Напротив него — госпожа Гиолица. Она пухленькая, приземистая, с черными завитками волос на лбу, краснощекая, экспансивная, глаза у нее большие и быстрые, рот широкий; нервическая, чуть отвислая нижняя губа госпожи Гиолицы подергивается, когда она начинает или заканчивает свою речь.

Она в шелковом платье лимонного цвета.

Пришел и ее черед, на сей раз она повелительница свергнутой деспотической гидры. Довольно с нее тех унижений, которые «она, женщина из хорошего рода, терпела под гнетом развратников».

Госпожа Гиолица стучит кулаком по столу. Она требует, и господин Ницэ должен повиноваться.

Она молода и полна сил, а господин Ницэ стар и хил, он не смеет возражать.

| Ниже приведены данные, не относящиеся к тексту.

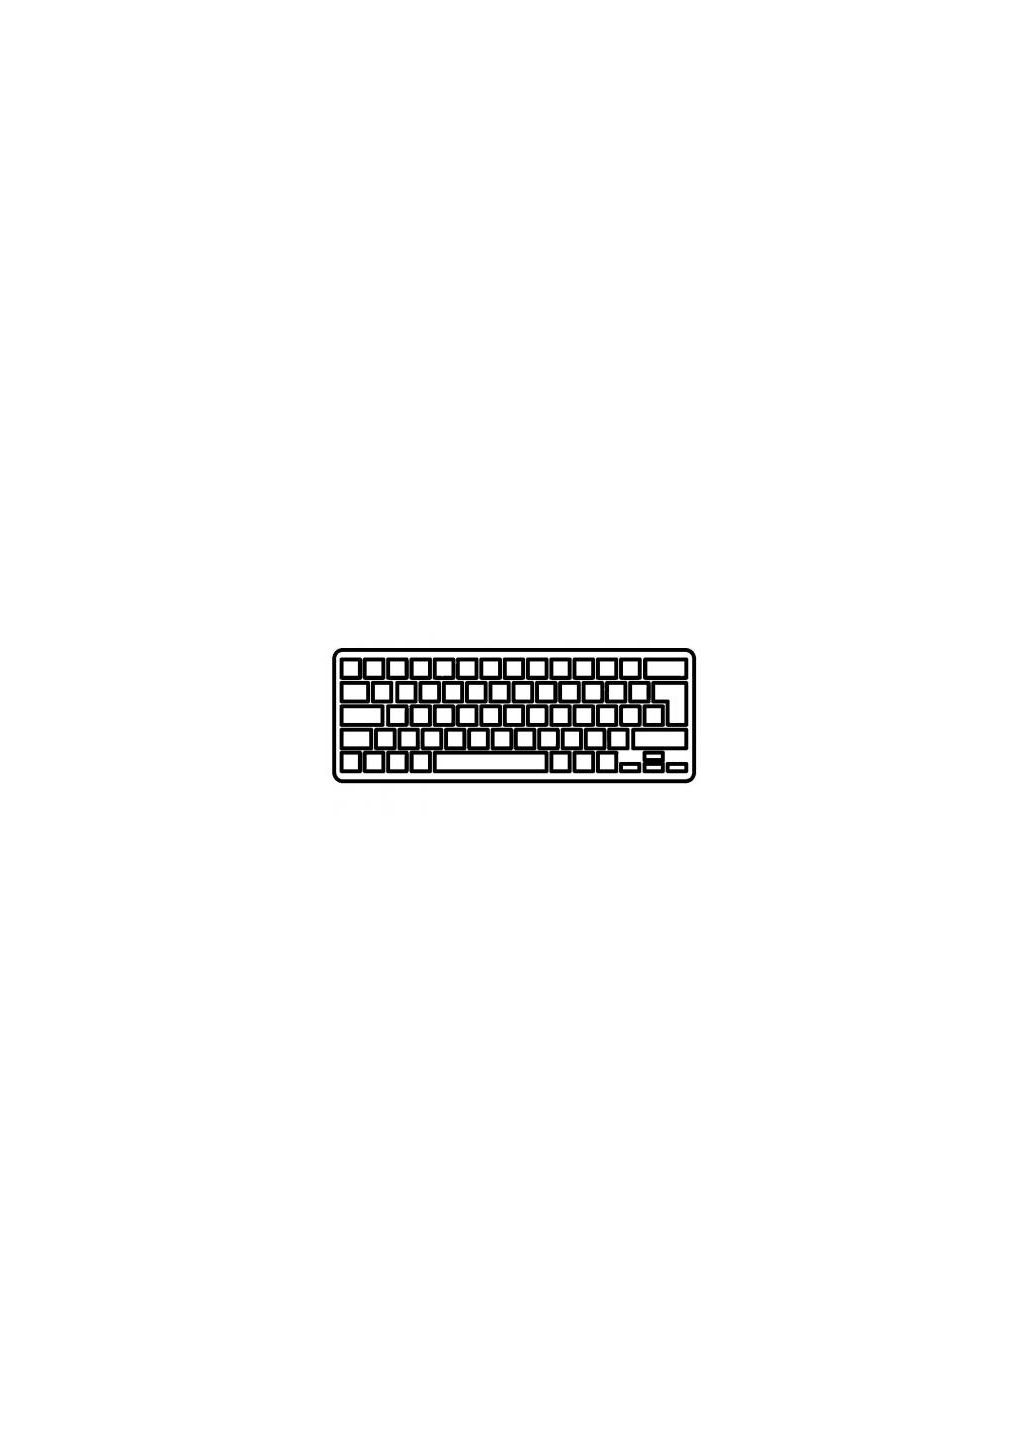 Клавиатура ноутбука Macbook Pro 15.4" A1286 (2008 года) черн. без рамки RU/US (A43537) Apple macbook pro 15.4" a1286 (2008 года) черн.без рамки (276706515)
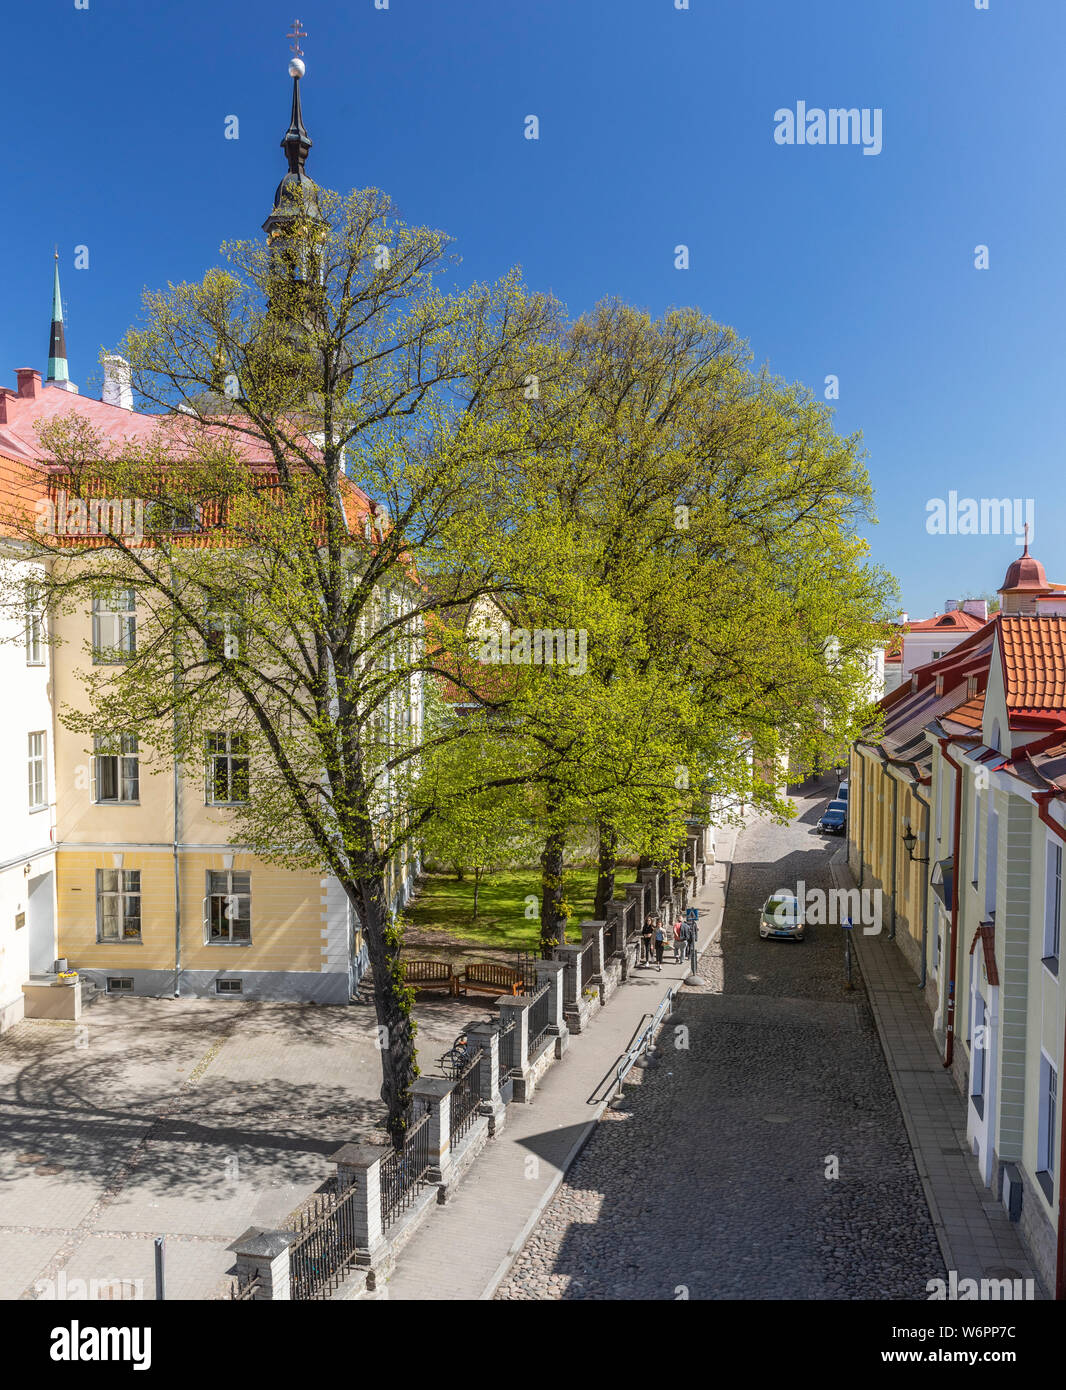 View of Gustav Adolphus (Gustav Adolfi) Training Center and Gymnasium, Old Town, Tallinn, Estonia on a Sunny Spring Day Stock Photo

Все остальные, расположившись вокруг господина Ницэ и госпожи Гиолицы, пьют кофе и курят. Адвокат Чиупей, тот, что произносил речь, поглаживает черные длинные бакенбарды; он не спускает глаз с госпожи Гиолицы. Адвокат Андрин — невысокий старик с невероятно длинными белыми усами и генеральской бородкой клинышком; он плешив, макушка у него желтая, сморщенная, щеки отвислые и словно отливают серебром, потому что он уже несколько дней не брился. Андрин — крестьянский адвокат, с той поры как его сын сделался помощником «судьи» в этом же самом местечке Некуле. Его политические взгляды «подозрительны», немного «запутаны», потому что он был старостой во время режима деспотической гидры. Рядом с Андрином — председатель временной комиссии. Это старик в круглых очках, завязанных на затылке двумя шнурками; лицо его и особенно усы, неумело подстриженные ножницами, наводят на мысль, что он простой мужик, а не помещик и уж во всяком случае не председатель временной. На нем длинное до пят летнее коричневое пальто, выгоревшее на солнце. Голова его дергается, и он быстро бормочет: «Нн-да, нн-да», даже когда все молчат. Напротив них — бывший арендатор базара в Некуле; он молод, усы у него рыжие, глаза синие, в правом ухе серебряная серьга. Он отхлебывает большими глотками кофе и улыбается; в его нервной улыбке проскальзывает негодование, которое он выскажет здесь, у господина Ницэ, чтобы раз и навсегда стало ясно, «где есть деспотическая гидра и где ее нет». Слева от него, возле госпожи Гиолицы, волостной лекарь, высокий и костлявый мужчина; он утверждает, что после кофе две-три рюмки рома — «отличное средство, замечательное средство, особенно против микробов, которые так и кишат в воздухе миллиардами миллионов, кишат повсюду и даже в доме господина субпрефекта». Рядом с субпрефектом сидит начальник почты и телеграфа, назначенный на этот пост еще гидрой; но он «готов умереть за новую партию: он подвергся гонениям, его по праву должны были назначить не сюда, а в Слатину». Телеграфист Прикор, мужчина рослый и сильный, не дурак выпить, ни в чем не знает устали; он будет «главной опорой действий» во время выборов делегатов, о чем сам и доложил госпоже Гиолице, как только услышал из уст префекта Колибана, что новым субпрефектом будет господин Ницэ, человек деятельный и ярый оппозиционер; он стал таким с тех пор, как деспотические политиканы сместили его с поста субпрефекта.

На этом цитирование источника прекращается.